Перед отправкой в Финляндию боевиков представляли Скоблину. Он связывал их с представителем РОВС в Финляндии генералом Добровольским. Кроме того, Скоблин сразу же сообщал о планах очередной группы советской разведке. Миллер решил включить Скоблина в состав комиссии по реорганизации РОВС и поручил ему вместе с Туркулом руководить всей активной работой Российского общевоинского союза.
Советская разведка предупреждала пограничников, и, как правило, боевиков перехватывали уже на границе.
Так что у парижской резидентуры постоянно были основания хвалить Скоблина и просить Главное управление государственной безопасности отметить его успехи:
Двести американских долларов были большими деньгами по тем временам. Сам резидент получал в месяц двести пятьдесят долларов.
Хотя в шифровках резидентуры обычно упоминался один Скоблин, на самом деле без Надежды Васильевны он не смог бы столь плодотворно работать. Надежда Плевицкая и Николай Скоблин взаимно дополняли друг друга.
С Туркулом у советской разведки ничего не вышло.
Когда в Москве стали подумывать о том, чтобы заменить Миллера Скоблиным, излишне энергичный Туркул стал уже просто вызывать раздражение советской разведки.
Постоянно появлялись сообщения о его небывалой активности, о желании Туркула свергнуть нынешнее руководство РОВС и взять власть в свои руки.
Один из агентов советской разведки принес в резидентуру сногсшибательное сообщение о том, что будто бы состоялось секретное собрание бывших офицеров-дроздовцев, на котором Антон Туркул предложил передать ему работу против Советского Союза.
В Москве особенно забеспокоились, прочитав, что Туркулу как будто бы вручили на эти цели двести тысяч франков. И что Туркул уже завербовал в Софии четырех македонцев для проведения террористических актов на территории Советского Союза. Сообщения поступали из разных источников, что всегда создает иллюзию достоверности.
За разъяснениями обратились к Скоблину.
Скоблин сказал сотруднику резидентуры, что сам присутствовал на чествовании Туркула дроздовцами и может поручиться за то, что никаких программных речей Туркул не произносил. Скоблин вообще утверждал, что генерал по обыкновению помалкивал.

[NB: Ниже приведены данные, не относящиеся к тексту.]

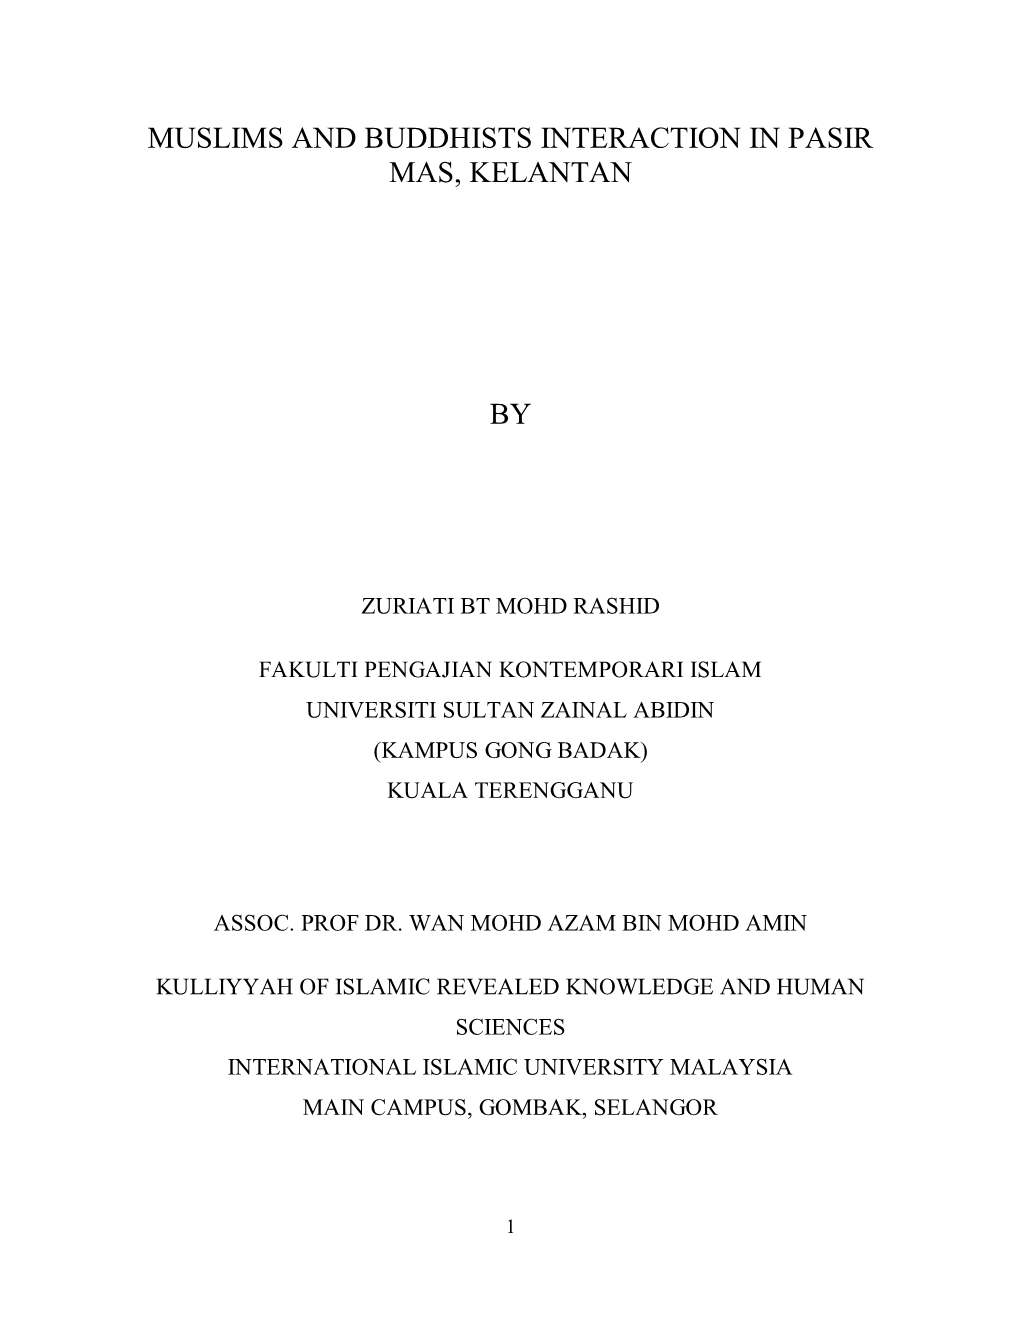 Muslims and Buddhists Interaction in Pasir Mas, Kelantan

Плевицкая, участвовавшая в разговоре, заметила мужу:
— Мы ведь рано уехали с обеда, ты же не знаешь, о чем потом говорил Туркул.
Скоблин убежденно ответил:
— Знаю, великолепно знаю. Он вообще двух слов прилюдно сказать не может. Ничего и не говорил. К тому же, если помнишь, сразу после обеда Туркул приехал к нам и опять-таки ничего не сказал об этом. Сразу разговор о чем-то другом пошел. Значит, никакого выступления не было.
Сообщение о выделении Туркулу двухсот тысяч франков тоже оказалось липой. Приезжая в Париж, Туркул жил у Скоблина, без него не делал ни шагу. Даже к Миллеру они ездили вдвоем. Их называли двумя аяксами.
Скоблин твердо сказал сотруднику парижской резидентуры, что никаких денег Туркул не получал, но на всякий случай послал ему письмо в Софию, на которое быстро получил энергичный ответ:
«Дорогой Николай Владимирович!
Письма от генерала Фока не получал. Вообще ничего не знаю о новой организации активной работы. Никто и ничего о ней нам в Болгарию не сообщает.
Твое предположение, что будет назначен Фок, мне кажется верным, у него хорошие отношения с Шатиловым, которому хочется быть в курсе активной работы. Когда я говорил в Париже об активной работе, я ни одной минуты не желал становиться во главе новой организации. Я считал и считаю, что активная работа должна быть основой существования нашего союза здесь, за рубежом…
Активная работа — вот душа и сердце нашего союза. Прекратив работу, союз будет подобен живому трупу. Ни курсами, ни школами его оживить нельзя.
Ты пишешь, что активная работа должна быть передана нам. Принципиально я согласен, но считаю, что если нас не хотят, то не следует поднимать из-за этого шума. Нам важно, чтобы работа была, и работа большая и видная, важно, чтобы глава организации был смел и решителен. Опытов в этой области достаточно.